I glance at her, amused. “He hates me.”
“Baby, I promise you he doesn’t,” she says. “He sees it as you saved him. He sees it as you gave up your whole life for him. ”
Needing the conversation, I stare out toward the open road in front of us. The road stretches on, familiar and foreign at the same time, and I let myself keep going before the courage disappears. “Cameron and I met in Michigan. Actually the same group that you and Leyla met at. I was a counselor for a while, and the whole time I was going through school. I took time off after my parents died, but again working with that group wasn’t my full time job. I could just tell that he was a good kid, we had something that didn’t really make sense. We were unlikely friends.
“He was just a kid, but he stuck by me. Once I got my full time job, I moved out to Nashville with Sammy. I was twenty-five at that time and Cameron was eighteen. He was making his name for himself; Cam was younger, already neck-deep in social work,consulting for this company that he figured was doing some shady shit, and that thought they were untouchable. Next thing I know, I was fixing a security flaw for a company that didn’t want to admit it had one.”
“Let me guess,” Hazel says. “You proved them wrong.”
“Violently,” I reply dryly, a smirk creeping up over my face. “Cameron liked that.”
I tell her about late nights hunched over screens in cheap apartments, about arguing over coffee that tasted like regret, about the first time someone looked at my work and didn’t just see utility, but intention. Cameron wasn’t a savior. He didn’t rescue me from anything. He just saw me. Treated me like an equal before I felt like one.
“He taught me to think in negative space,” I say. “What isn’t there matters as much as what is. Especially when people want you to stop looking.”
Hazel nods slowly. “Which is why this—Philly—feels right.”
“Exactly,” I say. “Cameron doesn’t vanish unless he’s boxed in. And Leyla? She doesn’t stop unless stopping is the point. I’m starting to think those journals were planted there to throw us off.”
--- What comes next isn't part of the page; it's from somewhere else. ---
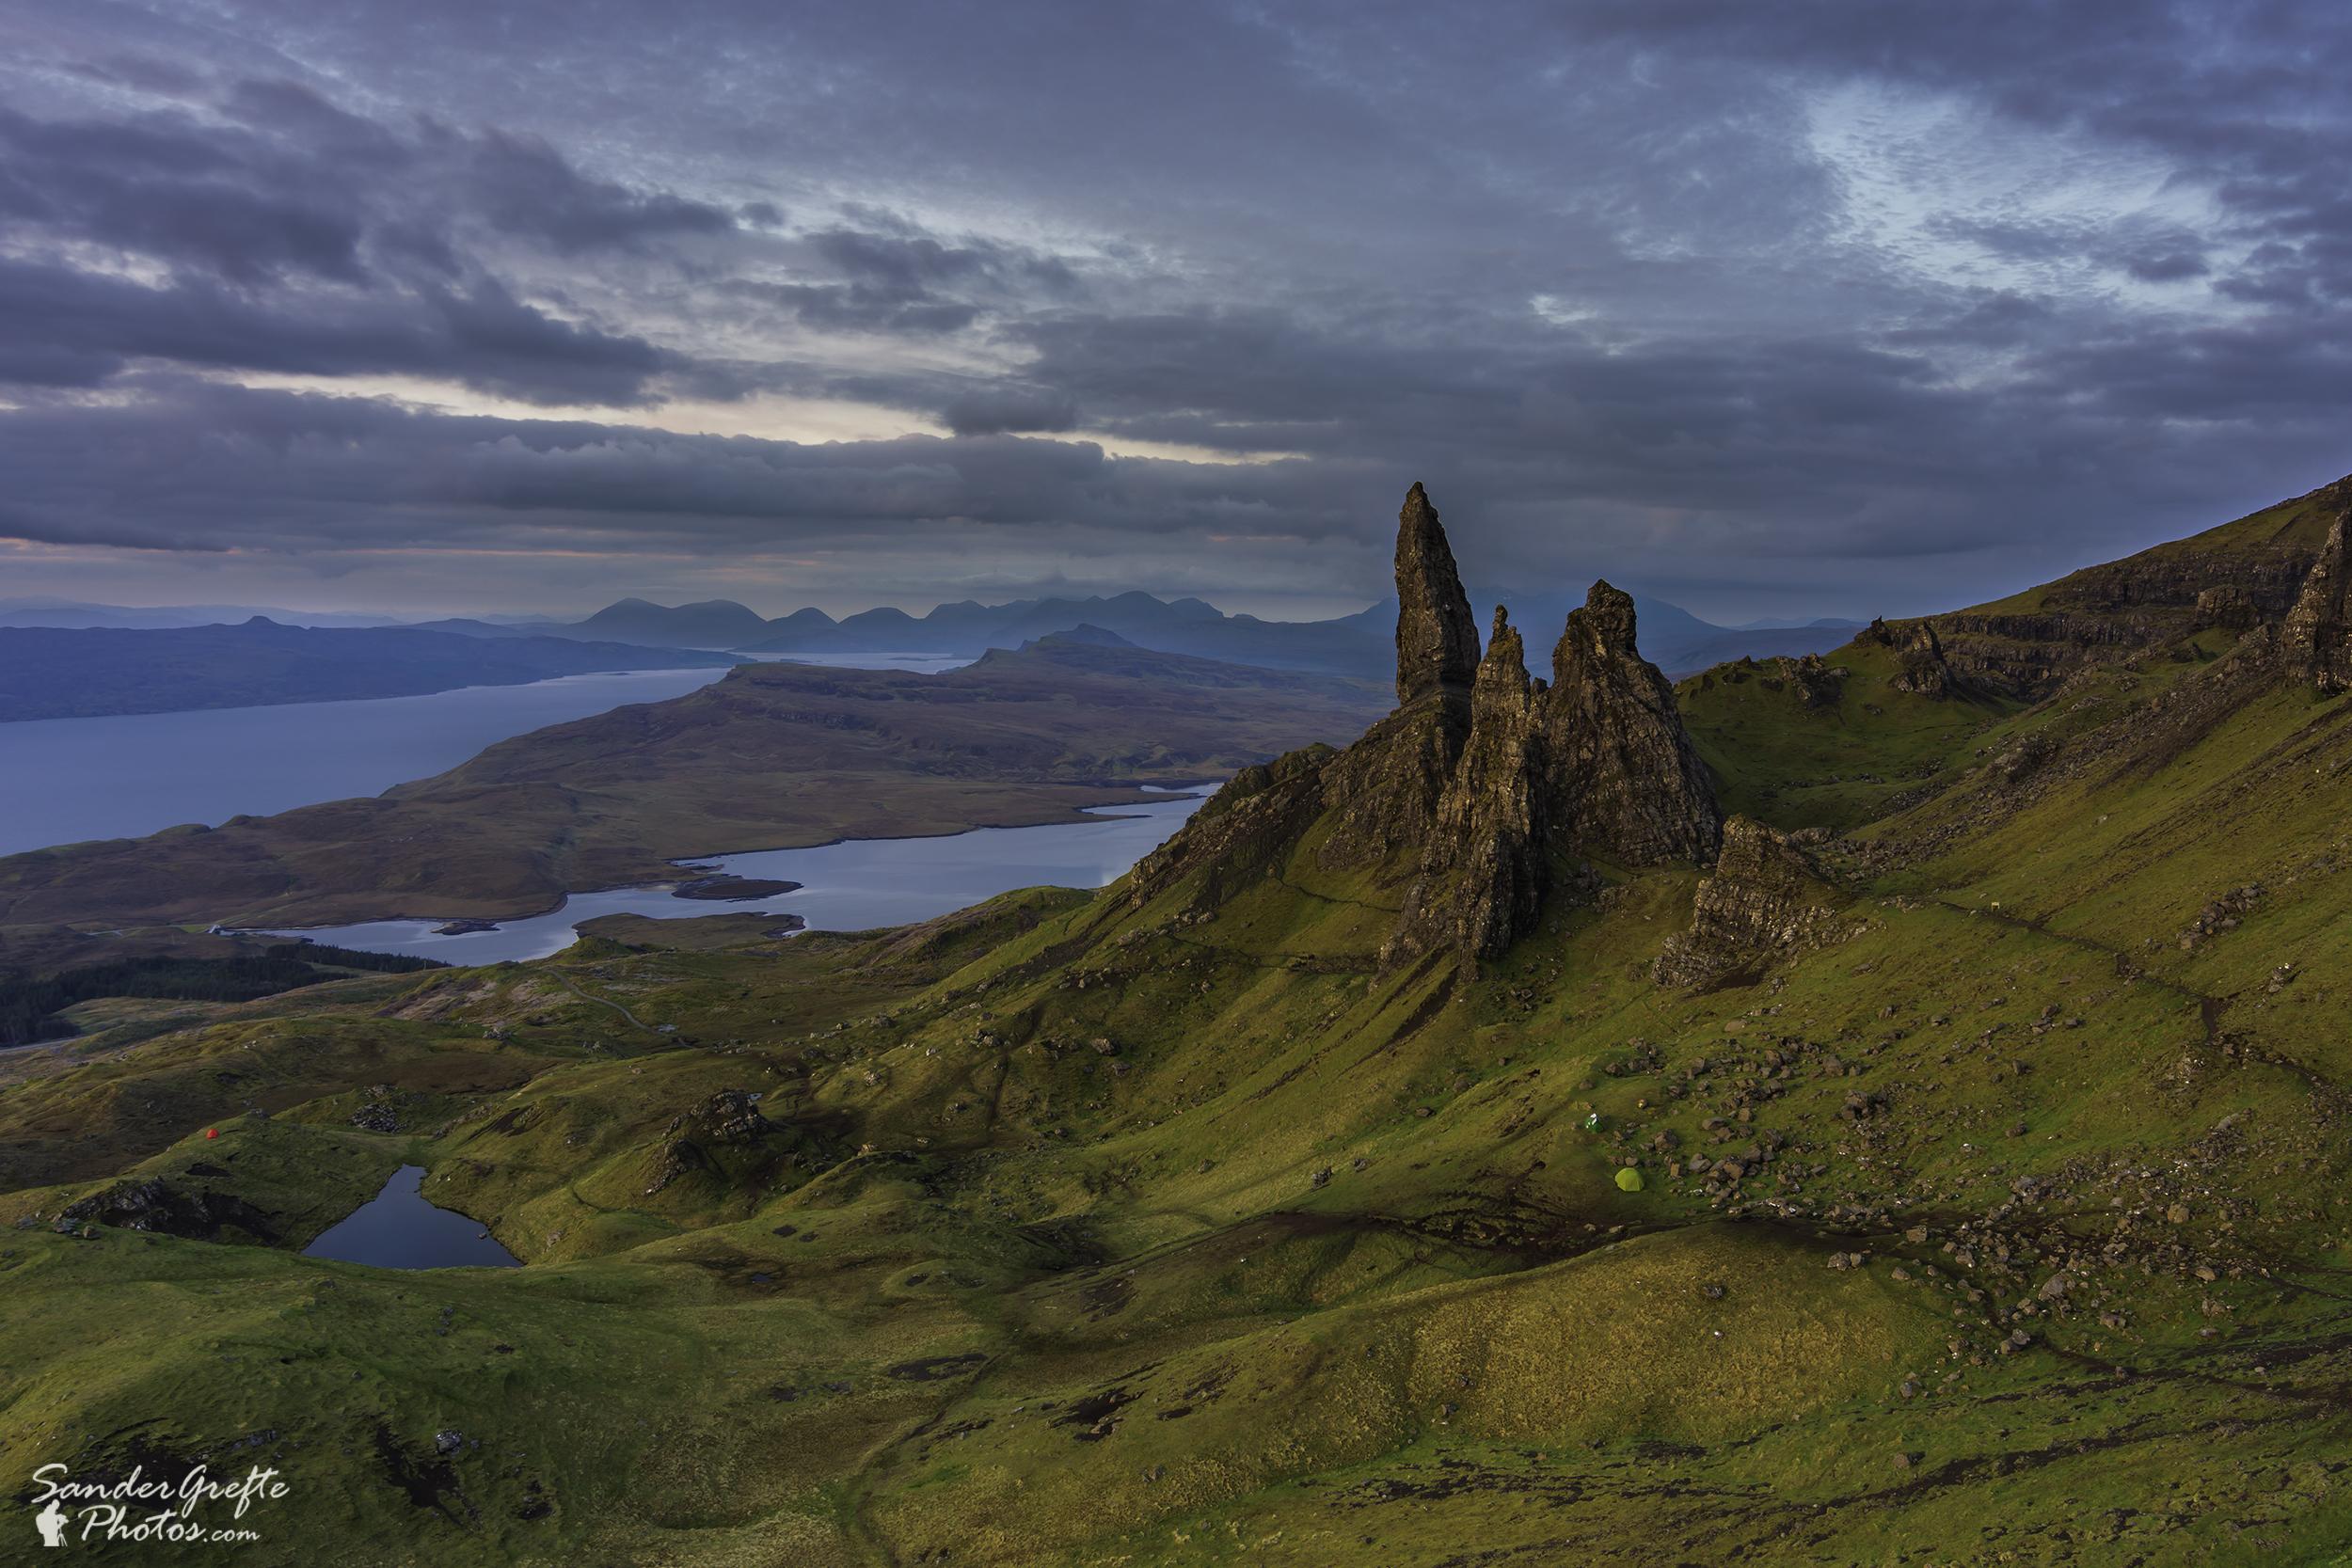 Prachtig uitzicht op de Old Man of Storr (Nikon D7200, 18mm, iso 100, f11, 1,3s)

We fall quiet again, the weight of it settling in but not crushing. Hazel leans back, her gaze forward now, her expression thoughtful but still bright around the edges.
“Thank you for telling me,” she says after a moment. “I know that wasn’t easy.”
I shrug. “Didn’t feel…impossible.”
She grins. “High praise.”
I laugh, shaking my head, and feel something shift inside me. Something old loosening its grip. The past doesn’t hurt less because I say it out loud, but it feels less like it owns me.
The city signs start to appear in the distance; blue, and white, and inevitable.
Philly is coming. So is the truth.
Hazel taps the dashboard. “Okay,” she says, rallying. “When we get there, we need food, coffee, and a plan that doesn’t involve you brooding in silence.”
“I don’tbrood,” I say again. She’s really trying to pull something out of me, and I know it’s not the smartest idea, but I gave her my whole life on a platter, and I feel like I finally did something right with this—this woman who I’m starting to realize isn’t just someone who I have no connection to. I’m starting to realize that she may just be it for me.
She arches a brow. “You just trauma-monologued. You’re allowed to brood a little.”